Clearly, anatomical differences between eyes with ACG and normal eyes exist. Such differences are mainly found at the anterior segment, mainly at the lens-iris diaphragm due to a thicker than usual lens and subsequently at the anterior chamber angle which accounts for the angle closure in the first place. Posterior shifting of the capsular bag after cataract removal will result in deepening of the anterior chamber,1-3 a subsequent hyperopic shift in ocular power when an IOL is implanted in a more posterior plane than pre-operatively planned. Decrease in axial length due to IOP lowering after cataract extraction will also predispose to a hyperopic shift in the post-operative period.4,5

However, in this study, post-operative myopic shift was noticed as much as the hyperopic shift. Post-operative myopic shift may be caused by the instability of the implanted in-the-bag IOLs. The large capsular volume and loosened lens zonules in ACG eyes has been reported to contribute to this IOL instability.6-8 It may be presumed that a certain anatomical difference between eyes with ACG normal controls makesthis discrepancy in IOL prediction a reality. However, in this study, no pre-operative biometric factors closely related to the extent of inaccuracy of IOL power calculations were found. Preoperative anterior segment biometry such as anterior chamber depth, lens thickness, and axial length did not relate to extents of inaccuracy. In other words, hyperopic and myopic shifted eyes did not show any difference preoperatively. Therefore, a precise prediction of the accuracy of IOL calculations cannot be said to be determined from pre-operative biometric data in eyes with ACG.

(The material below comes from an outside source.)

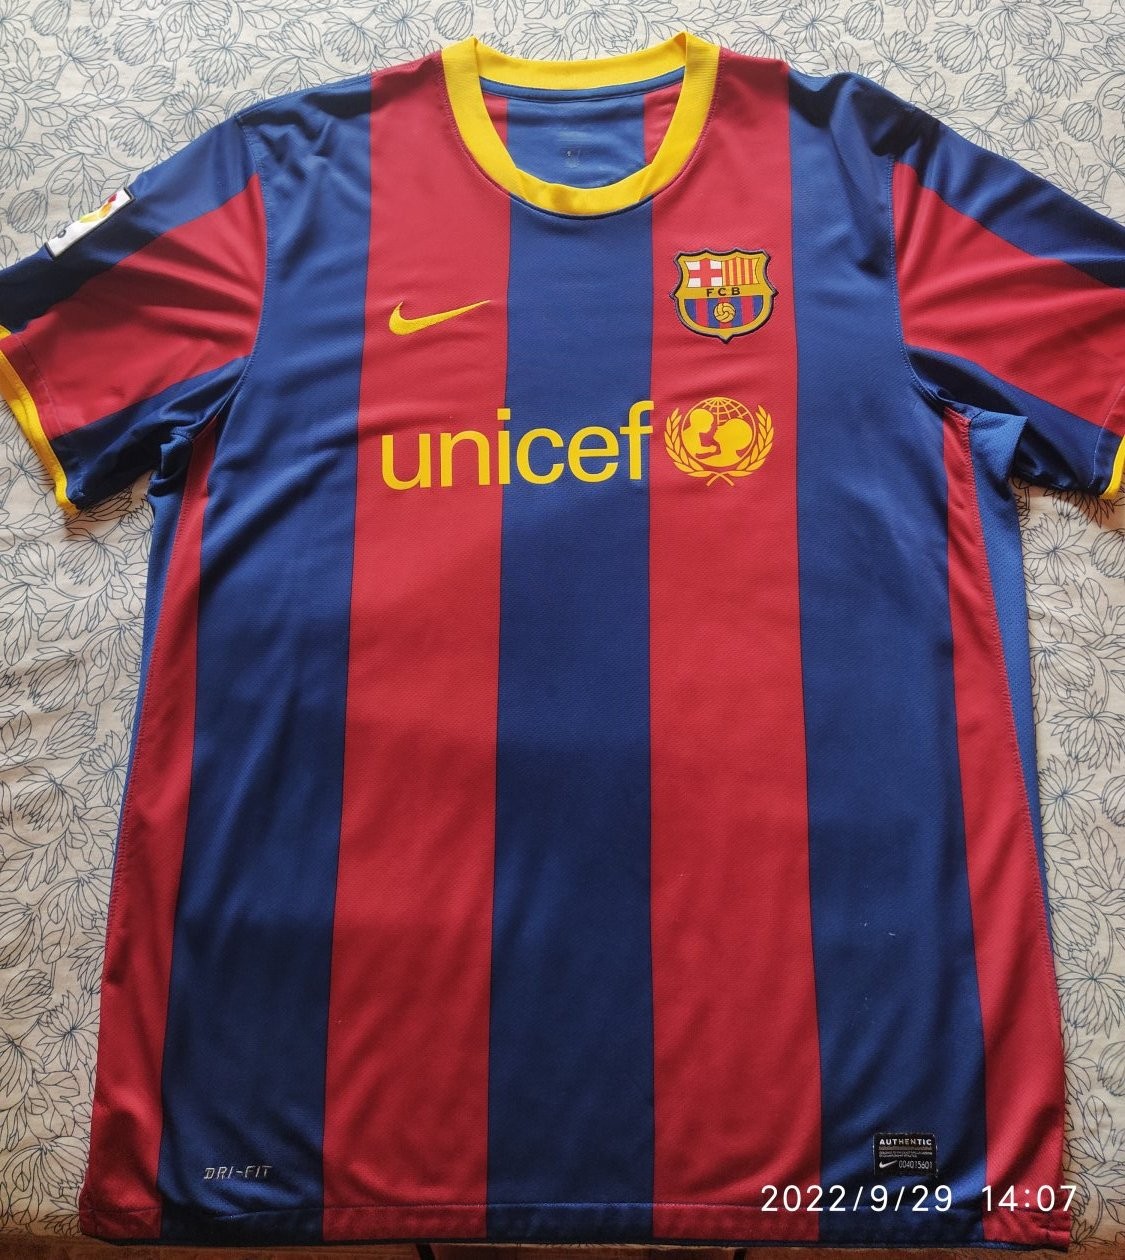 Barcelona Home maglia di calcio 2010 - 2011.

Although the pre-operative factors which predict the inaccurate IOL calculation are not found in this study, it is certain that IOL power prediction can be incorrect in ACG patients. Hyperopic or myopic shifting after cataract surgery in eyes with angle closure can be a significant problem presenting the patient with visual discomfort. Careful consideration of such inaccurate IOL power prediction must be entertained preoperatively and appropriately managed.